I nod. Should say thank you, I suppose, except that when you’re covered in the marks of torture, you sort of expect a modern boss to ease up on all that sick-note malarkey.

‘The Stonemonkey,’ I say. ‘We can find him. I wrote you a memo. Nat Brown will be helpful. Mike Haston too. Use them.’

She nods.

‘And the shipping. If we can.’

She says, carefully, ‘We need to proceed on the basis of evidence. At the moment, we have nothing.’

I whisper, ‘Hardly nothing.’

I mean the question they kept pushing at me. That question, and these injuries. These brown dots that cluster like starlings.

Watkins says, ‘I’ll do what I can. I’ll speak to Dennis.’

I smile. A sort of smile. Lopsided and underpowered. I feel more than hear Cal peeping in from the kitchen, then closing the door again when she sees us still at it.

Watkins whispers, ‘At least they let you go. At least they did that.’

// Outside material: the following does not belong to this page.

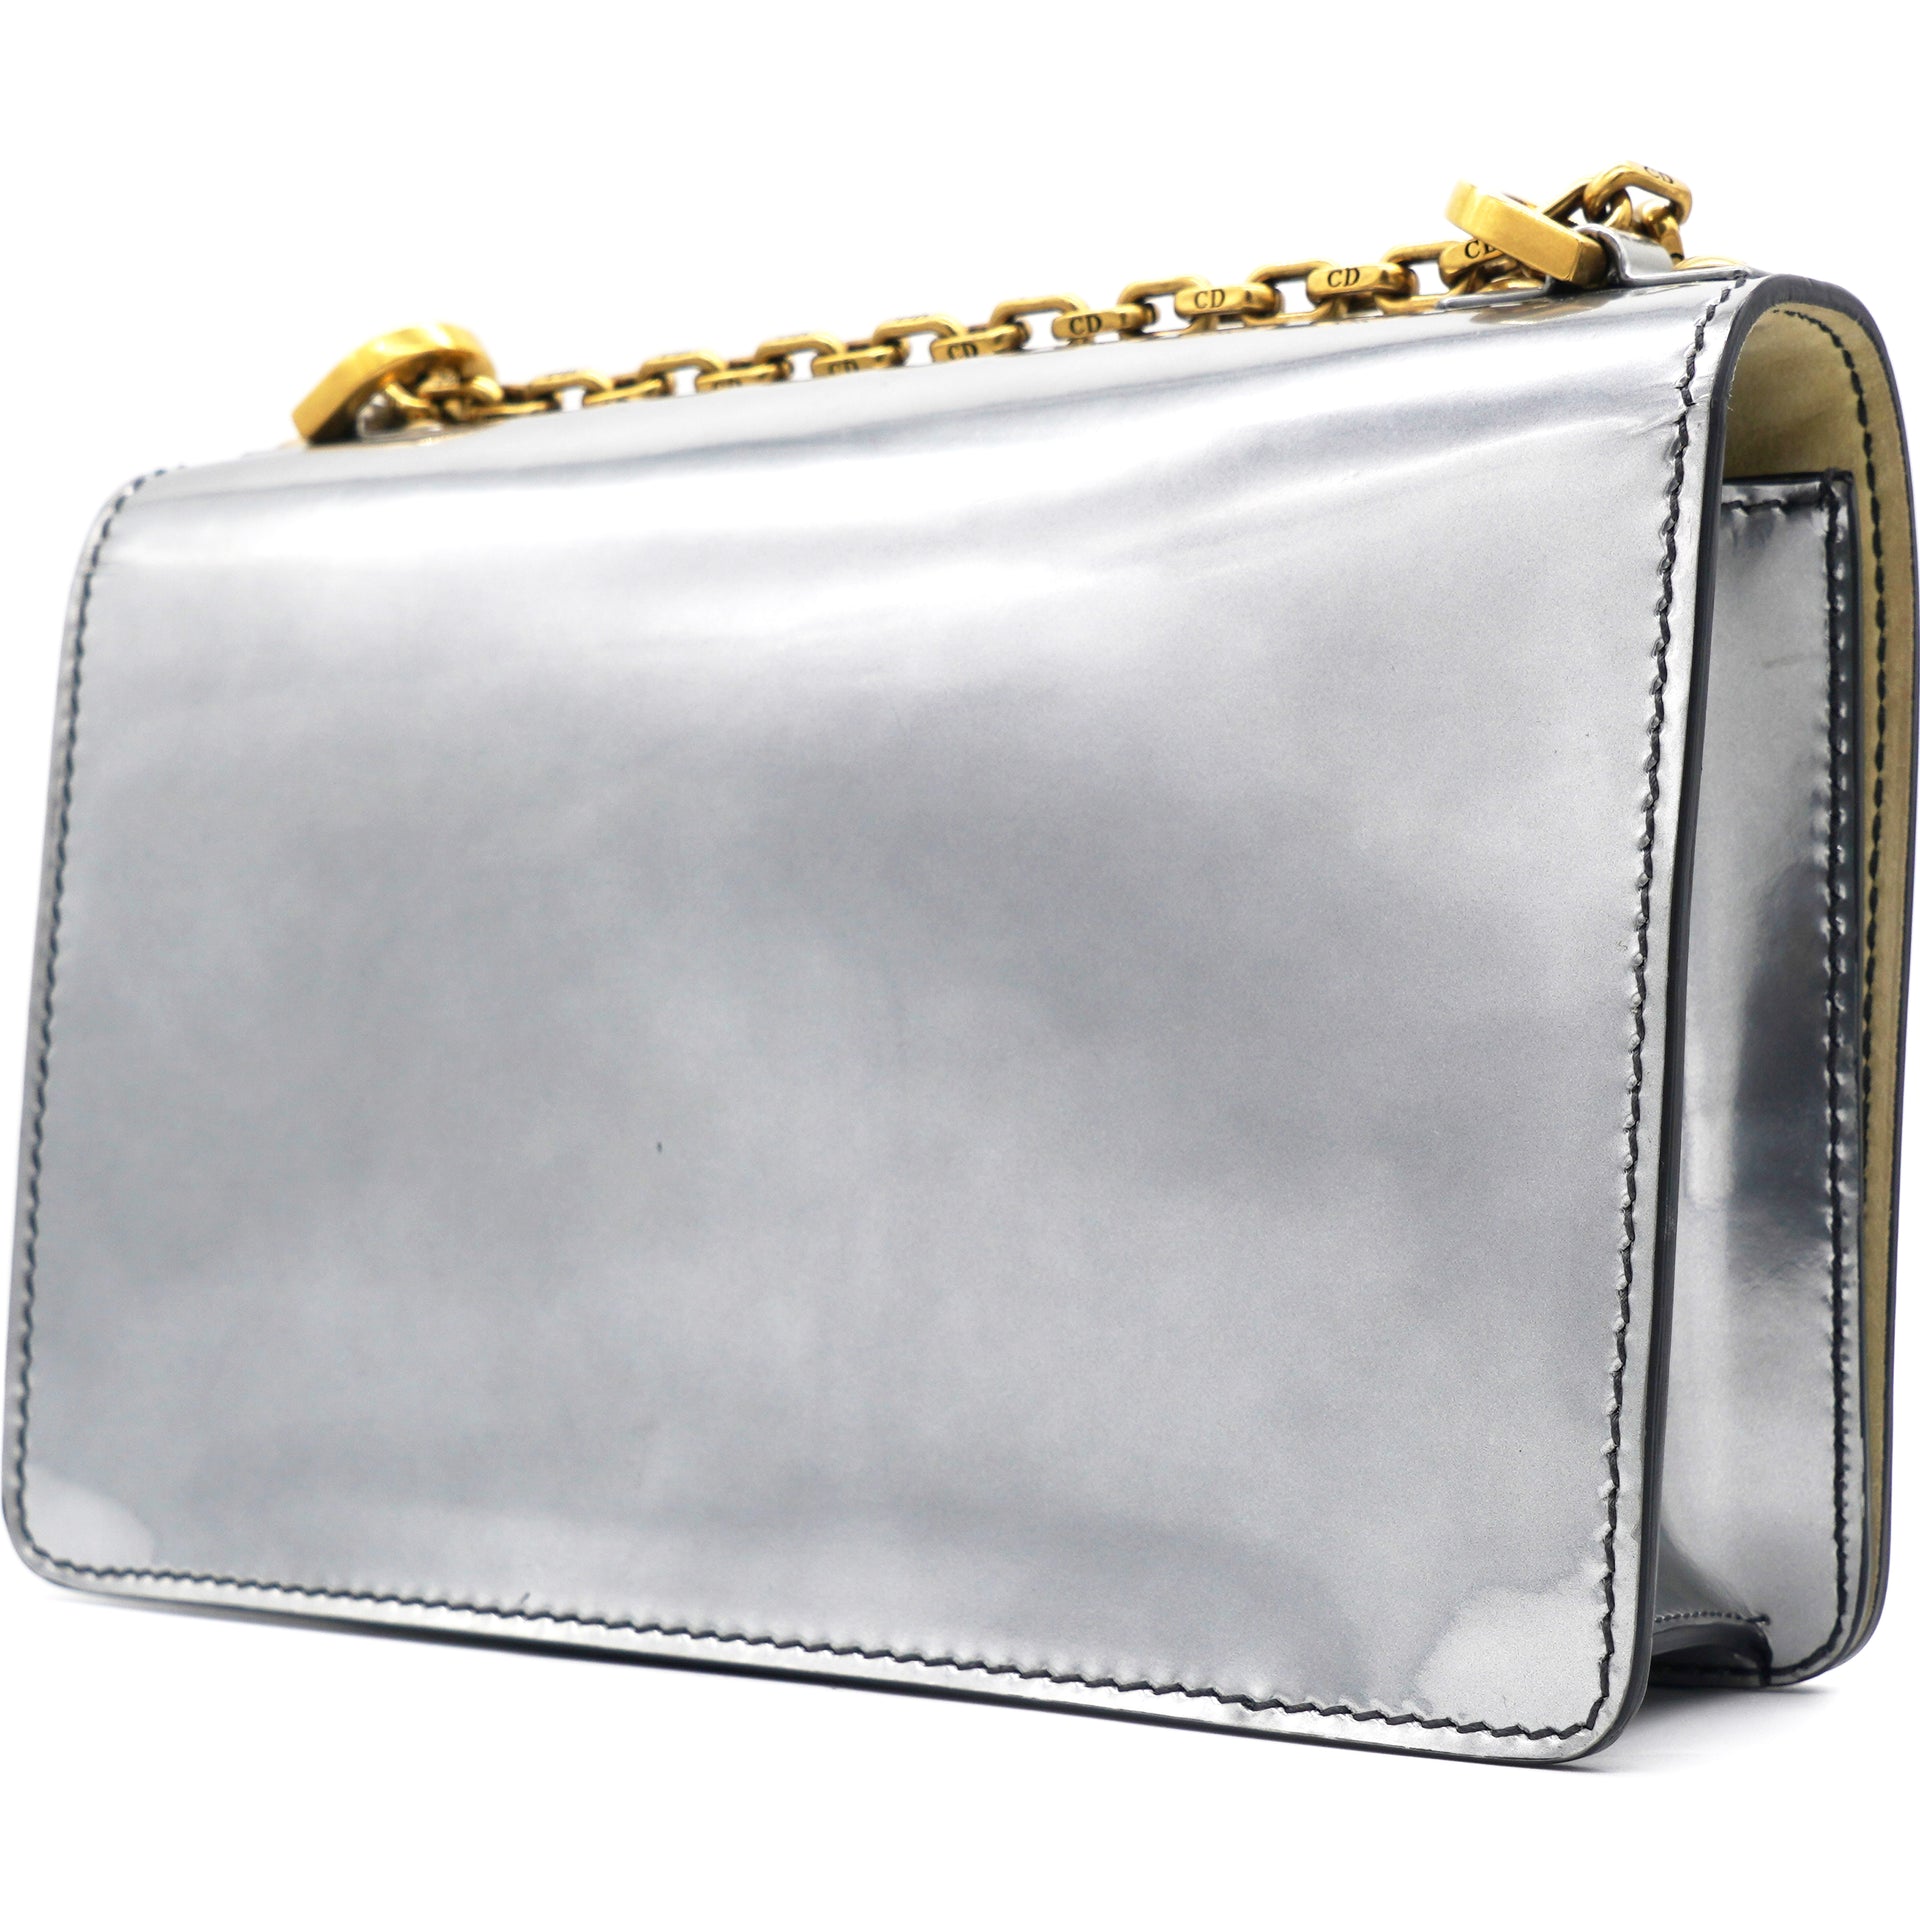 Jadior Metallic Silver Shoulder Bag

I want to say, ‘It wasn’t quite like that,’ but the words just stay jammed somewhere between my larynx and my tonsils. Lodged sideways, like a seatbelt buckle embedded in cartilage. Like a steel clasp buried in a mash of blood vessels and major airways.

I say, ‘I need to go.’

‘OK.’ Her face moves in the lamplit dimness. She had feelings for me once. A stupid, impulsive infatuation which I stupidly helped provoke. She’s happy with Cal now. Those feelings for me lie safely in the past, but that doesn’t mean that their mark doesn’t still remain. She has something like tears in her eyes, I think.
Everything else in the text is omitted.